Profiling 5 Of Syracuse’s Group Project Member Stereotypes
We’re wrapping up the year here at Syracuse University, and that can only mean one thing: group projects. There’s a collective understanding among students that the only thing worse than group projects is when Lucy’s ups their cover charge because your ID is “fake,” but we’re still forced into these unpleasant, inefficient assignments. The best part of groups is the people in them; they’re always the same type of person. Let’s take a dive into some of the best archetypes of SU group project members:
Someone’s gotta stalk Blackboard, find their classmates’ emails and send that initial reminder. While everyone else is at Harry’s trying to forget the project even existed, this person is filled with sheer panic that the project won’t get done and can’t resist leading the pack. Of course, this person will always be suckered into doing twice the work than the rest of the group, and spend at least 4 hours alone in a Bird cubbie. But hey, they’ll still feel bad and give everyone else full participation credit on that group evaluation that every Whitman professor loves. These members are suckers, but the group wouldn’t exist without them. It’ll pay off when they actually succeed post-college.
The antithesis of the Try-Hard, this person will resist taking part in even the smallest section of the work, and instead stay hidden and high in their South Campus apartment. In fact, they won’t even speak to the group for the entire duration of the project. Don’t worry about these members, though.
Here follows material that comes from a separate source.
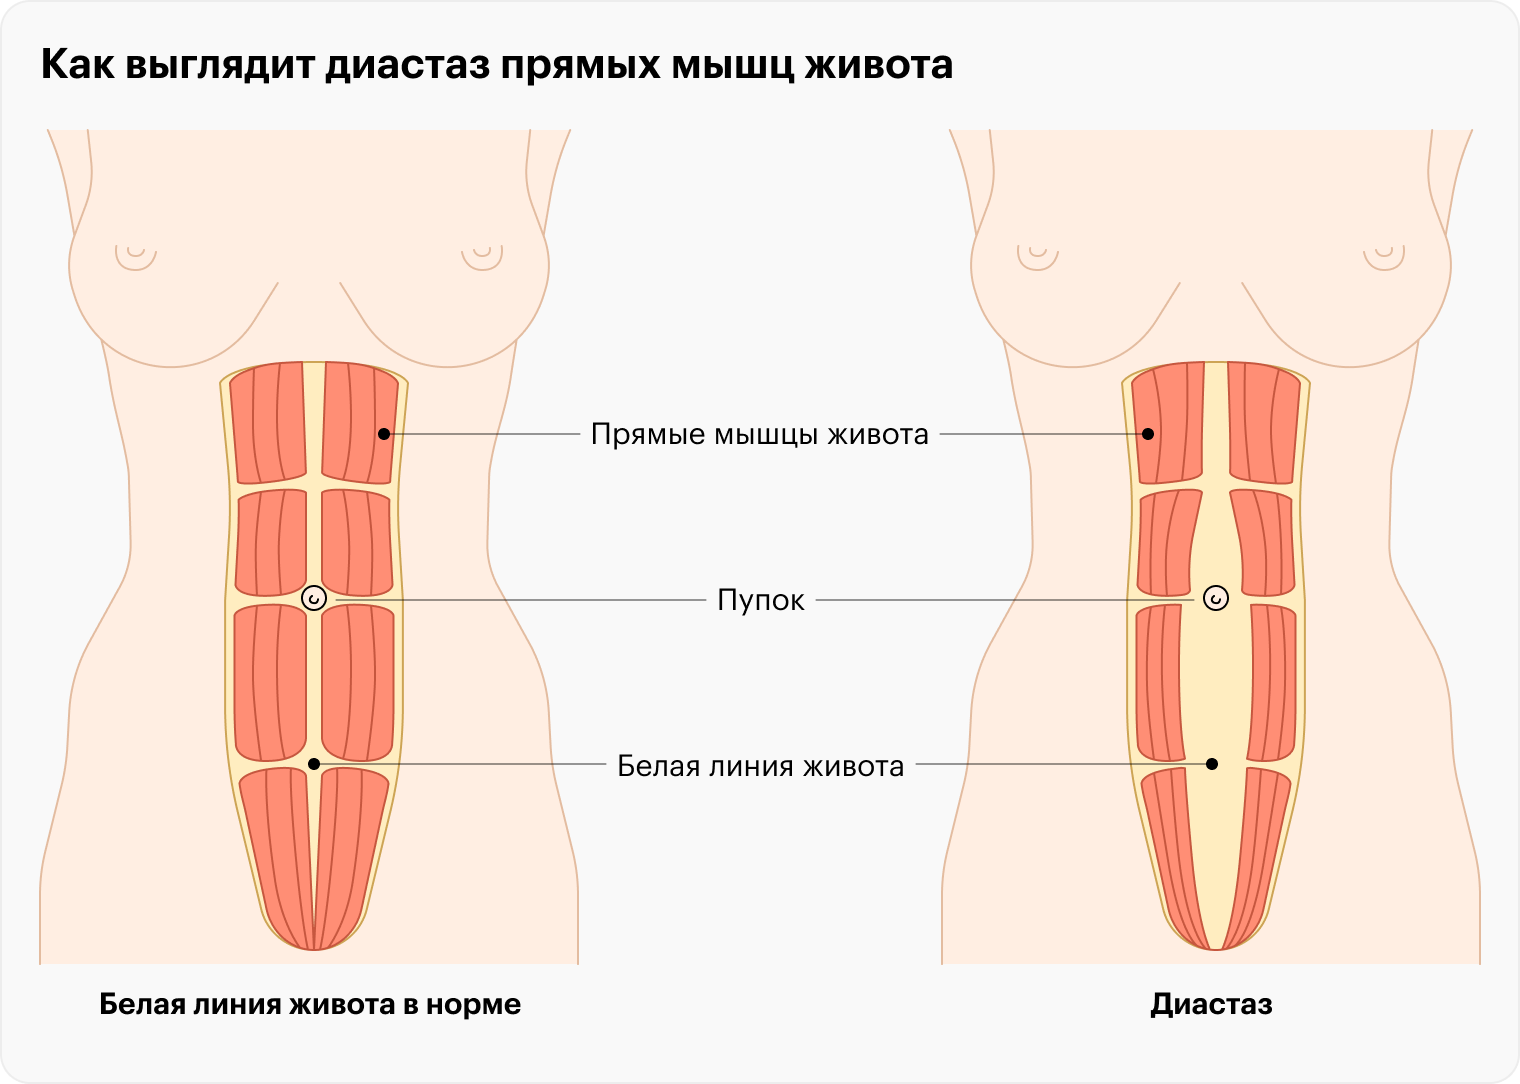 При диастазе происходит аномальное расхождение прямых мышц живота. Оно может быть над пупком, под ним, или сверху и снизу пупка одновременно

They’ll show up on the presentation day, wing it, and probably get a better grade than the Try-Hard. If you’re a successful Off-the-Grid-er, you’ve won college. Congratulations.
There’s always one who isn’t in the same major as the others, and that the others assume will be unable to do anything requiring a 12-year-old level education. This usually transpires by the Whitman kids telling the one Newhouse student/marketing minor that their job can be making the Powerpoint look good. These Minors could be stars, but the majors’ condescension leaves them wallowing in mediocrity. Poor Minors.
The Class Friend:
You know this person. It’s that guy or gal you talked to three times in CAS 101, and therefore feel forced to sit next to in every class you’re in together. Sure, you can make small talk in the first and last five minutes of class, yet you’d never dare interact with them in a Marshall St. environment. When you inevitably end up in the same group as them, it’s a good thing; you have so much more small talk to make now! For instance, “Wow, this group project really sucks.” Actually, that’s about it.
Finally, we have both the best and worst type of group member. The name is misleading, for they are certainly not flirting with you, but in fact just a person of the opposite gender that talks with you a lot (about the project) and maybe pity laughed at the one joke you made. But hey, that’s enough to get your hopes as high as the aforementioned “Off-the-Grid-er.” When you finally do get his or her number (again, solely because of the project) and summon the courage to text them “what are u up to tonight,” it’s a wonderful feeling. That is, until they tell you about the mixer at Chuck’s they’re going to, reminding you of your lonely, hopeless existence on this Earth. But hey, you’ve still gotta love ‘em.